Table 1: Benchmark characteristics. Sequential time is the run-time for the single-tile case.

Application suite Table 1 lists the characteristics of the benchmarks used for the evaluation. The benchmarks are derived from the following sources: Rawbench [3], SPEC [9], Mediabench [15], UTDSP [16], Jade [24], UC Berkeley MPEG-1 Tools [26], and CHAOS [29]. Benchmarks include several dense matrix applications, multimedia applications, and applications with irregular memory access patterns. All the benchmarks are ordinary sequential programs written for a unified address space. Rawcc compiles them without any user directives or pragmas of any kind. All speedups were attained with our automated compiler without user intervention. Because the Raw machine does not support double-precision floating point, all floating point operations are converted to single precision.
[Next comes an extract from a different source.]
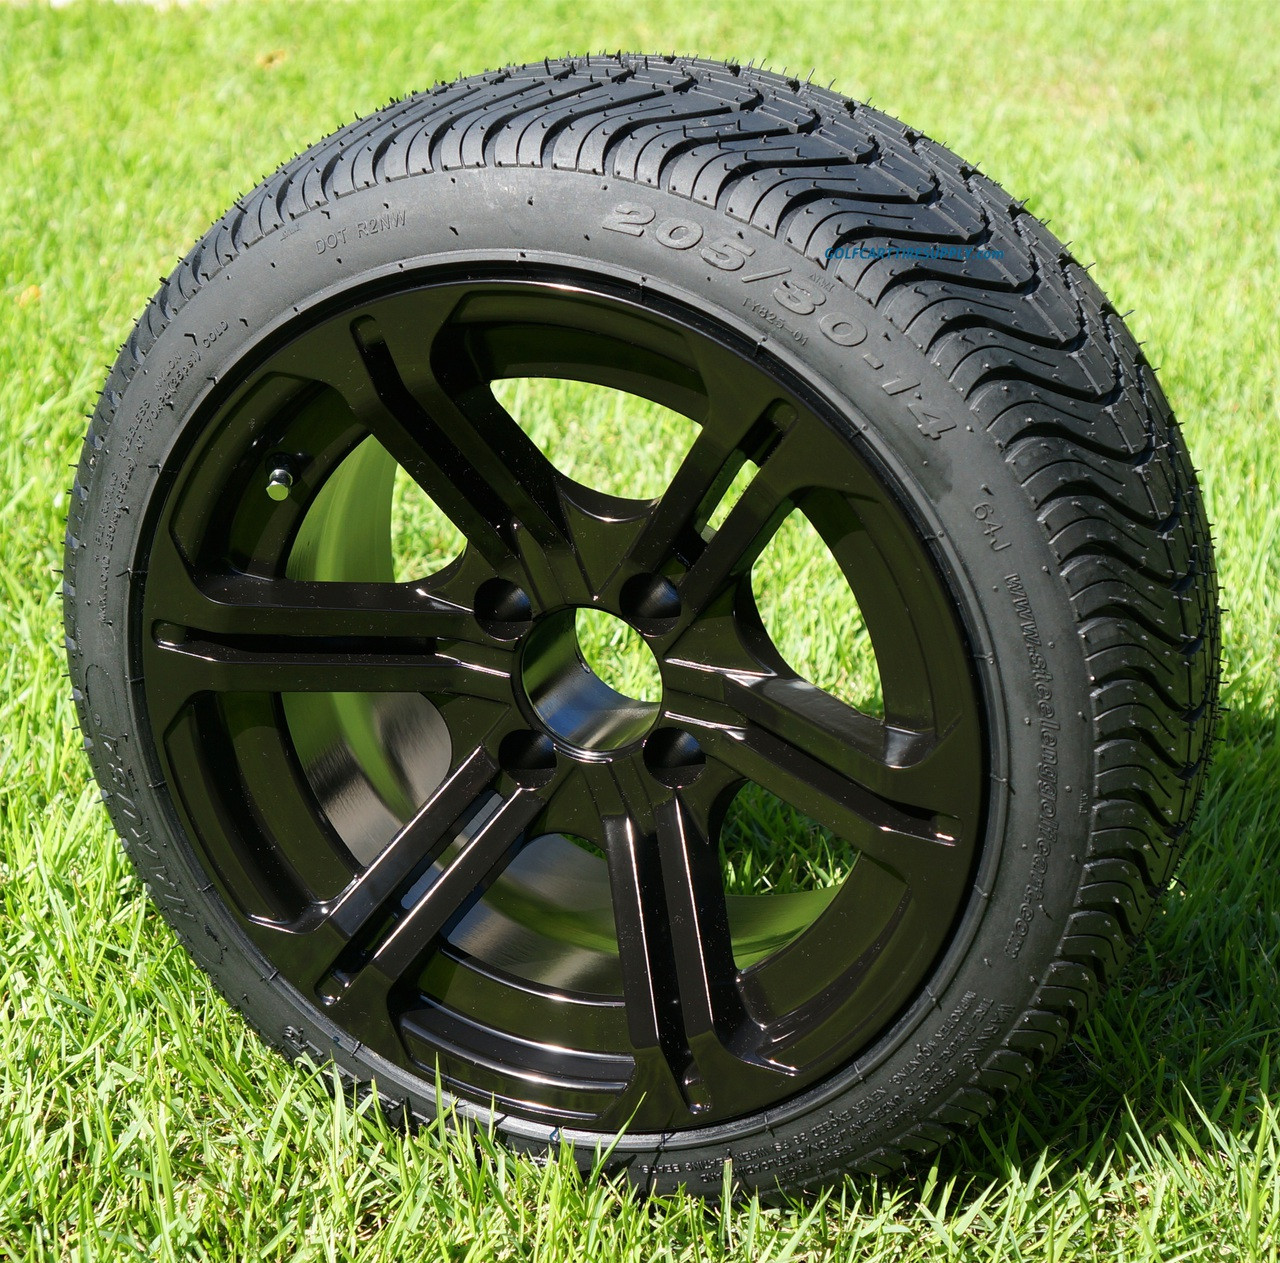 14 reaper golf cart wheels and 205 30 14 dot golf cart tires combo golf cart tire supply. Black Bedroom Furniture Sets. Home Design Ideas

#### 5.1 End-to-end performance

We first present results for end-to-end application performance with a varying degree of bank disambiguation support. In all cases, instruction level parallelism is extracted and exploited across the tiles of the Raw machine. Performance is collected for three types of disambiguation support: trivial, equivalence-class unification only (ECU only), and ECU with modulo unrolling. In trivial support, the compiler has no intelligent disambiguation information. With no information, the compiler generally has two options: leave memory accesses undisambiguated, or perform trivial bank disambiguation by mapping all objects to one tile. On Raw, undisambiguated accesses happen to be very expensive due to software overhead [5], so we select trivial bank disambiguation as our baseline technique. This method models the cost of centralization in Raw's memory system, but it does not model the penalty due to extra capacity misses in a finite sized cache.

In *ECU only*, different equivalent classes provided by ECU are mapped to different tiles. In *ECU with modulo rolling*, non-array equivalent classes are distributed, and arrays accessed through affine references are low-order interleaved across the memory banks.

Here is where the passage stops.